→ **RECORDS FOR THIS EXERCISE**:
———
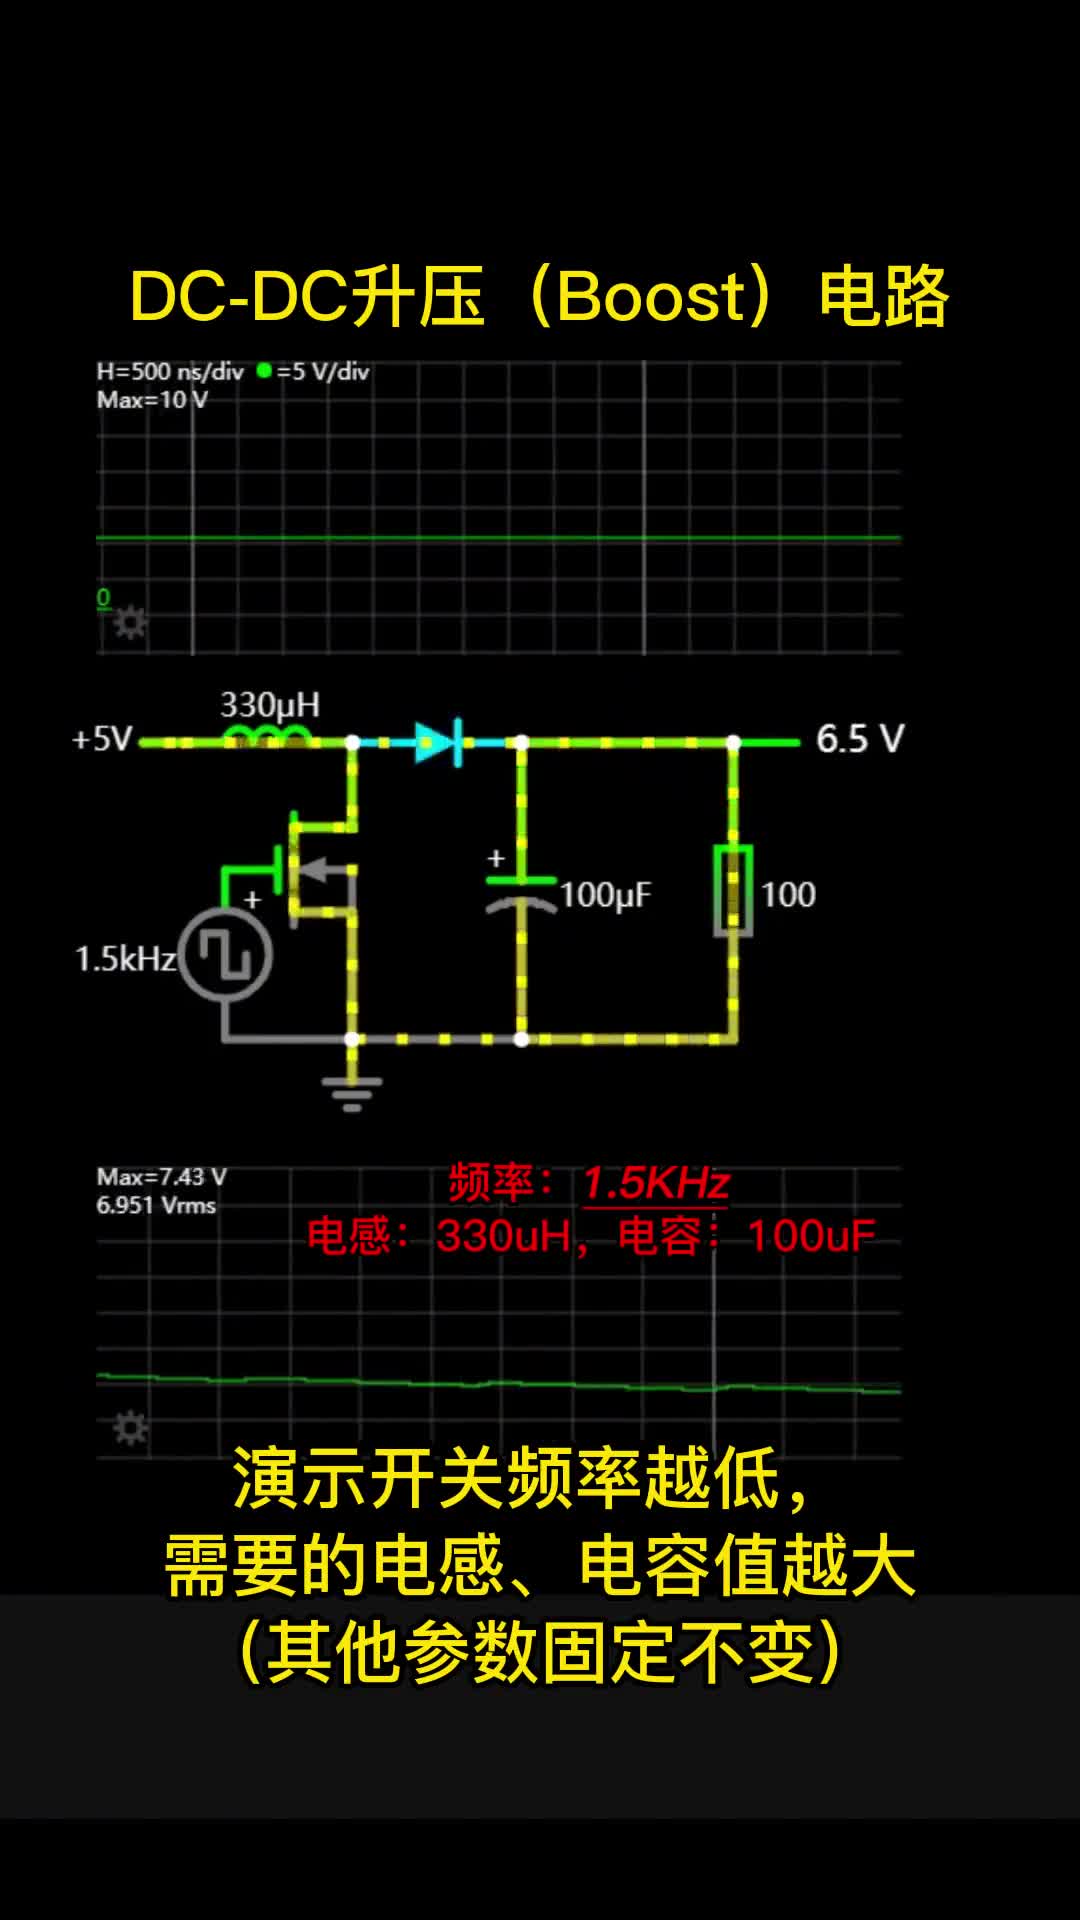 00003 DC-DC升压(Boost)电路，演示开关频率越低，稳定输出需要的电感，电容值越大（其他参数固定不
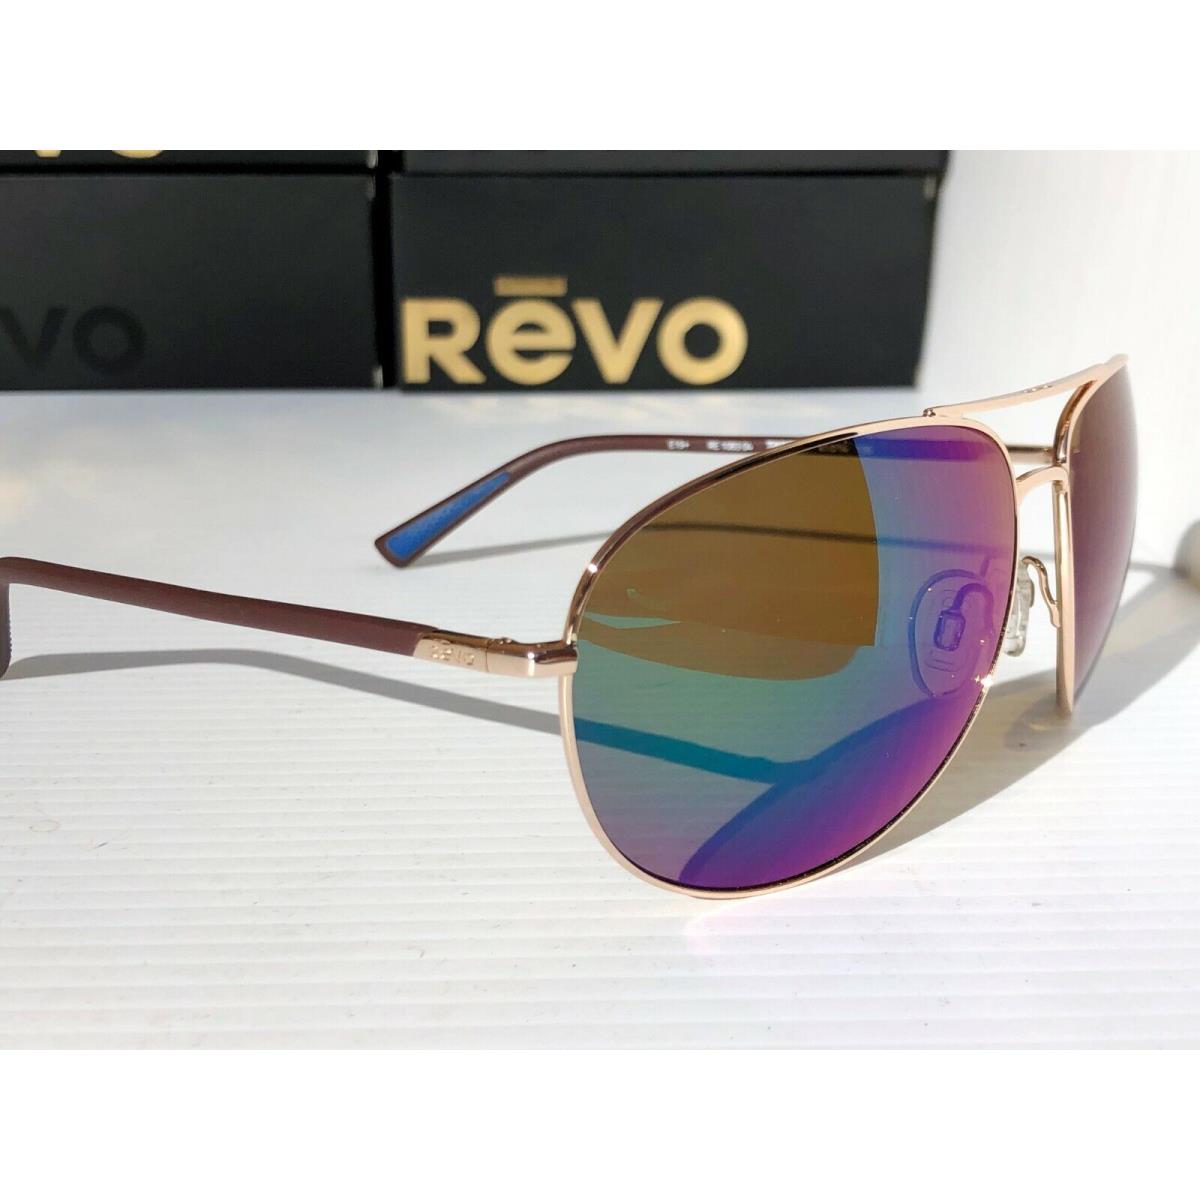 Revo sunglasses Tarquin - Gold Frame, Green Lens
———
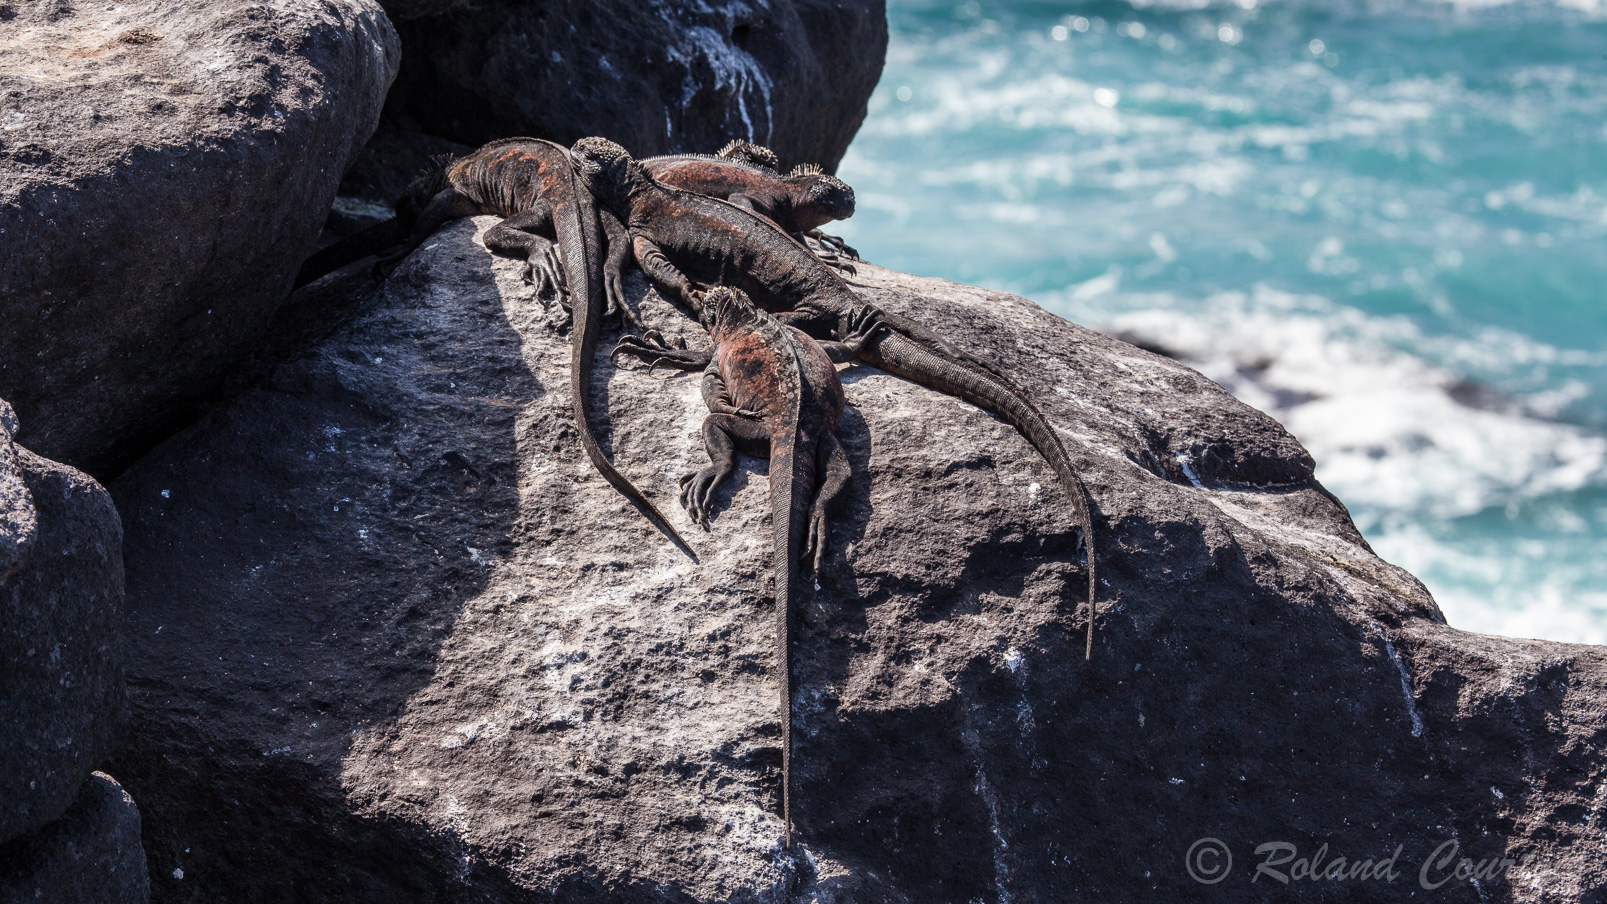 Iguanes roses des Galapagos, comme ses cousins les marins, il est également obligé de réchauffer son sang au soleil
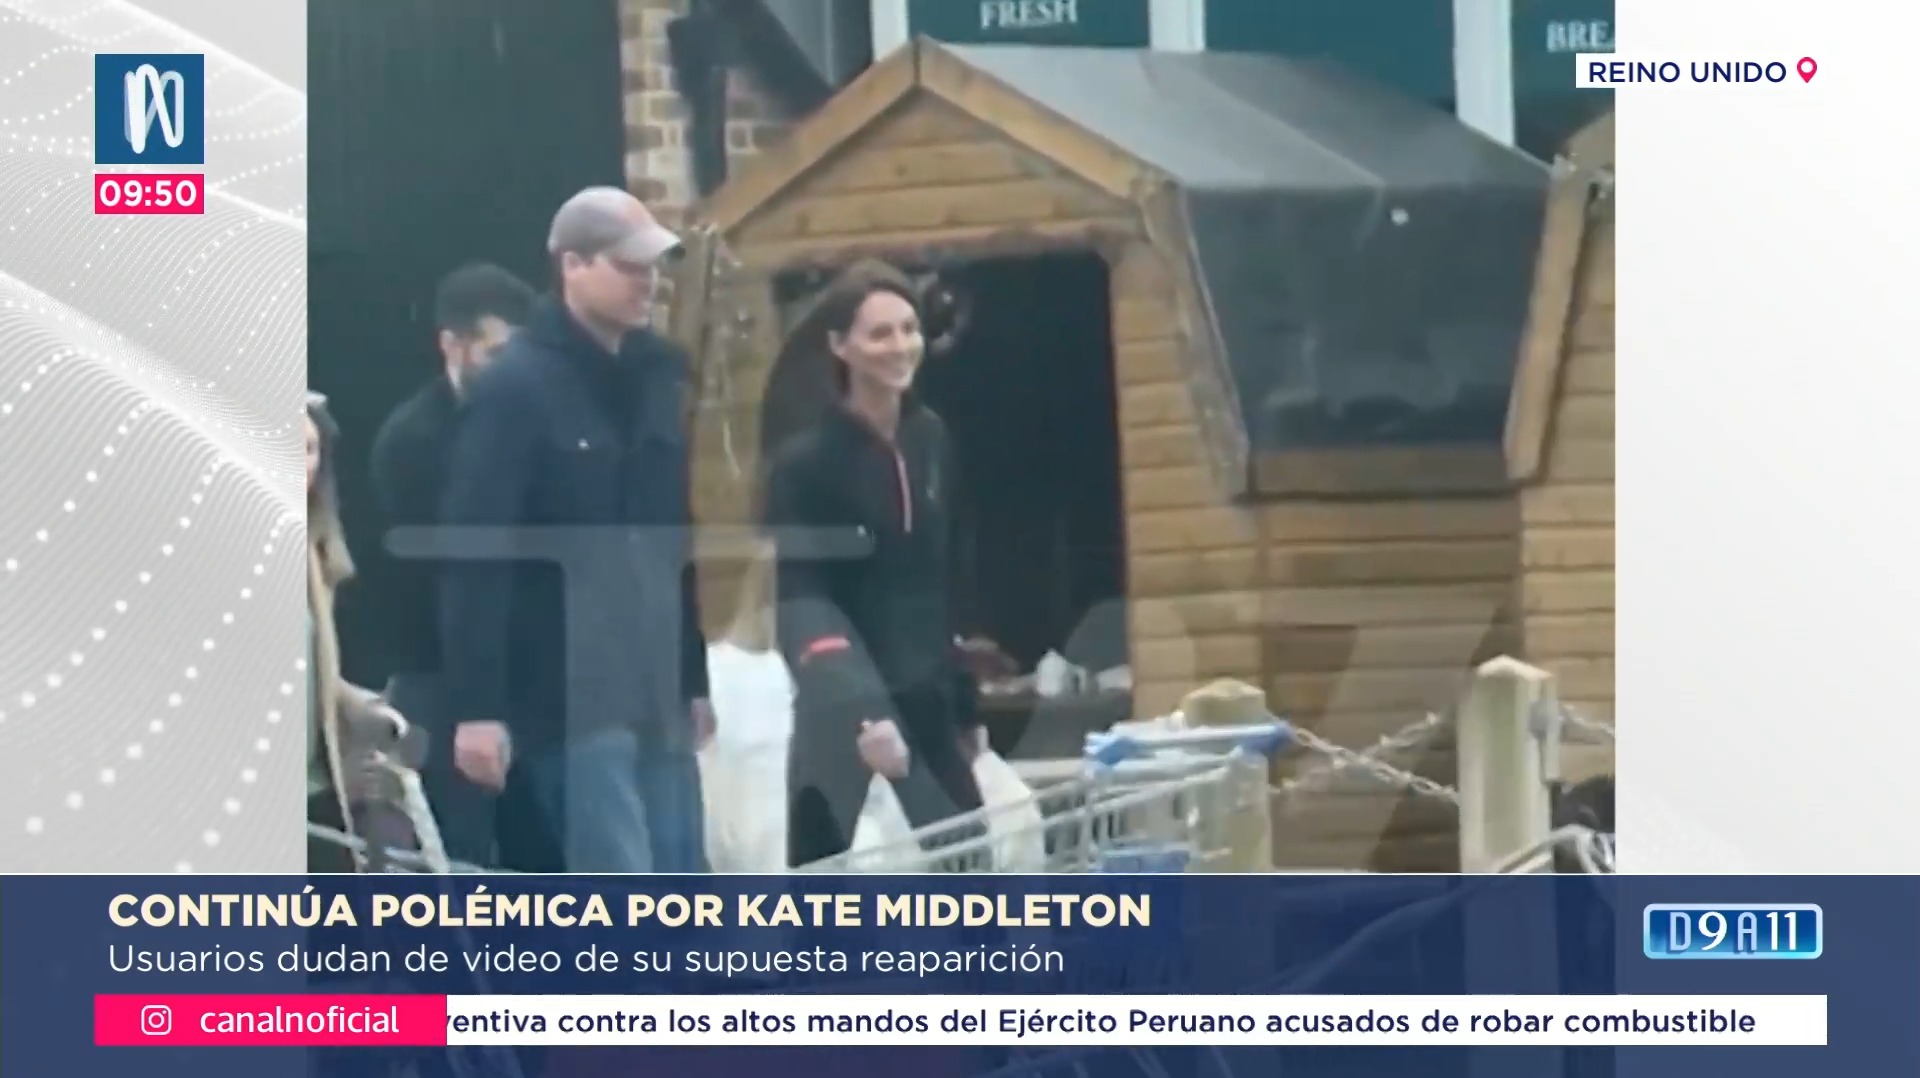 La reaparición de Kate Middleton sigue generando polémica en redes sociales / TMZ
———
From the records above, copy exactly the stretch from the line holding "00003 DC-DC升压(Boost)" through the line holding "Revo sunglasses Tarquin", both ends included, without the pictures.

→ **PROBLEM SOLUTION**:
 00003 DC-DC升压(Boost)电路，演示开关频率越低，稳定输出需要的电感，电容值越大（其他参数固定不
 Revo sunglasses Tarquin - Gold Frame, Green Lens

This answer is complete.